By RAWLINGS OTIENO
There is no relief for most patients after nurses vowed to continue with their strike even after the court ordered them to resume work last week.
The National Nurses Association of Kenya (NNAK) and the Kenya National Union of Nurses (KNUN) representatives said they would go on with the boycott until a return-to-work formula is reached.
KNUN Secretary General Seth Panyako accused the ministries of Medical Services and Public Health of disobeying court orders asking them to engage officials on a return-to-work formula.
“Ministry officials have continued to disobey court orders with impunity. The court ordered the ministries to engage nurses on a return-to-work formula, pending a decision by the Court of Appeal. This has not been fulfilled,” said Panyako.
The union officials spoke yesterday at a press briefing in Nairobi.
He said the nurses, the Public Service Commission and the Labour Ministry have been obeying court orders regarding the strike that has paralysed medical services in public hospitals across the country.
Panyako stressed their strike was still on until the health ministries sit down with them and draft the return to work formula.
“We wish to inform all our members that the nurses strike is still on and will only be called off once a return-to-work formula is in place,” added Panyako.
Flanked by NNAK Chairman Jeremiah Maina, who has since been dismissed by Kenyatta National Hospital (KNH), Panyako said nurses have a right to belong to a trade union.

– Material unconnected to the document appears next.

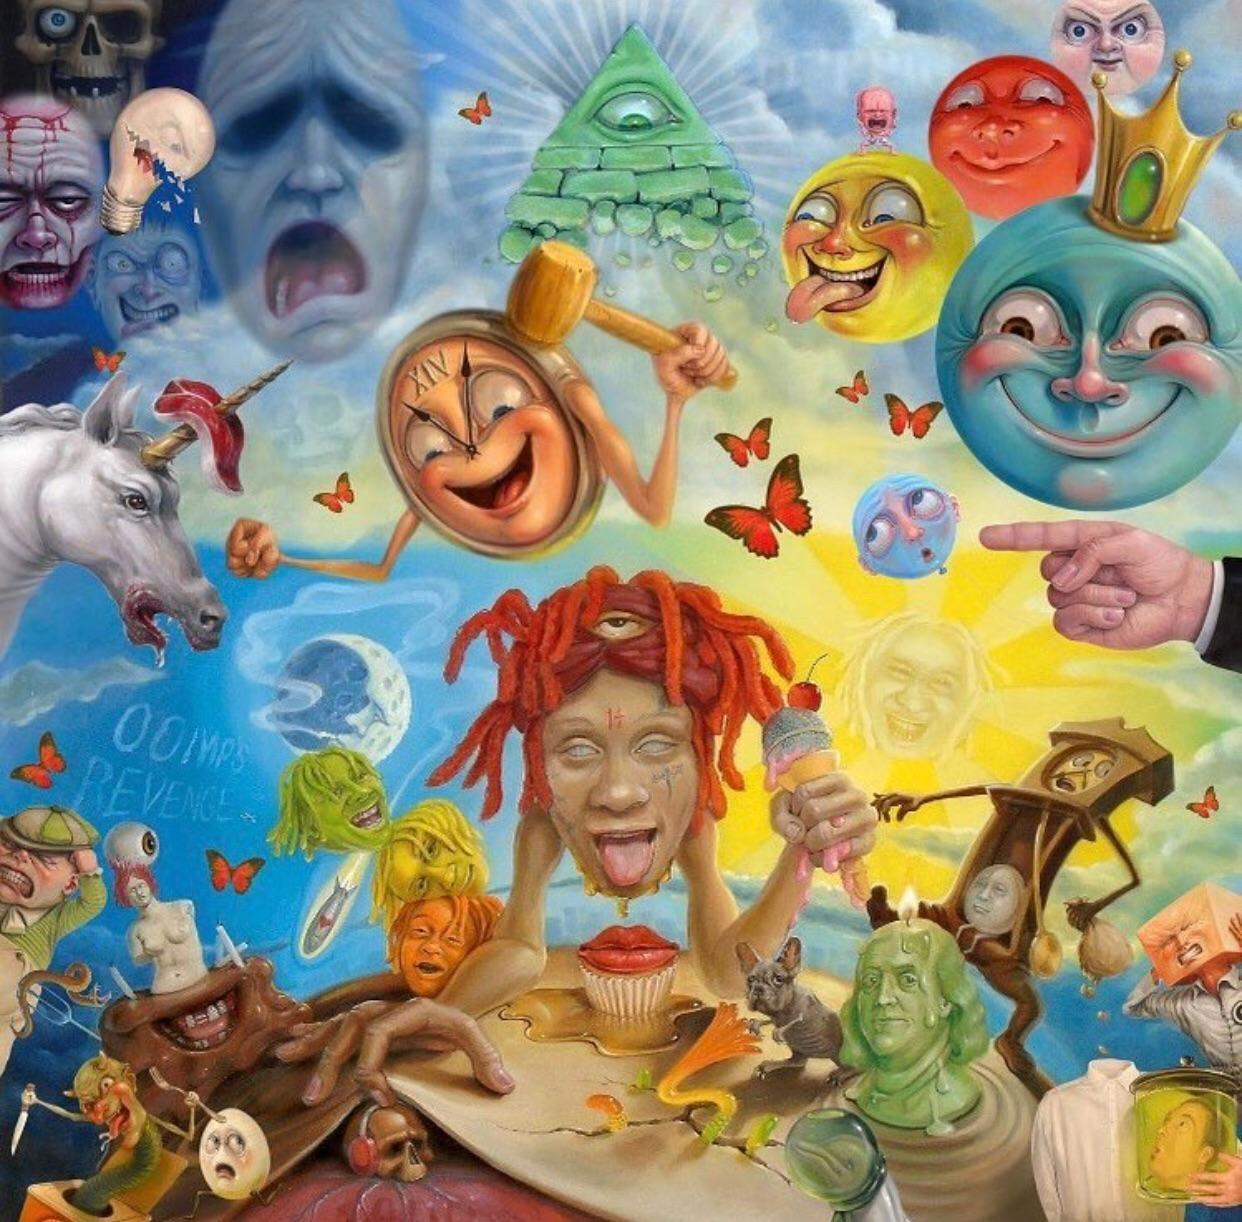 Trippie Redd Lifes A Trip Album Art Cover Art Art Music Vinyl Album Cover Art Rap Album Covers Album Art

The nurses’ strike has persisted due to the fact that most nurses are members of the Kenya Union of Domestic, Hotels, Educational Institutions, Hospitals and Allied Workers (KUDHEIHA), and the Union of Kenya Civil Servants (UKCS), which have opposed the strike.
The industrial action comes at a time when the political mood is tense with less than three months to the March 4 elections.
But the two nurses’ bodies say they are ready to fight to the end, even with the next Government if the current one does not address their grievances.
Court orders issued by Industrial Court Justice Matthews Nduma, direct the interested parties to engage in dialogue.
The striking nurses argue they have been unable to air their grievances due to lack of a registered single nurses’ trade union.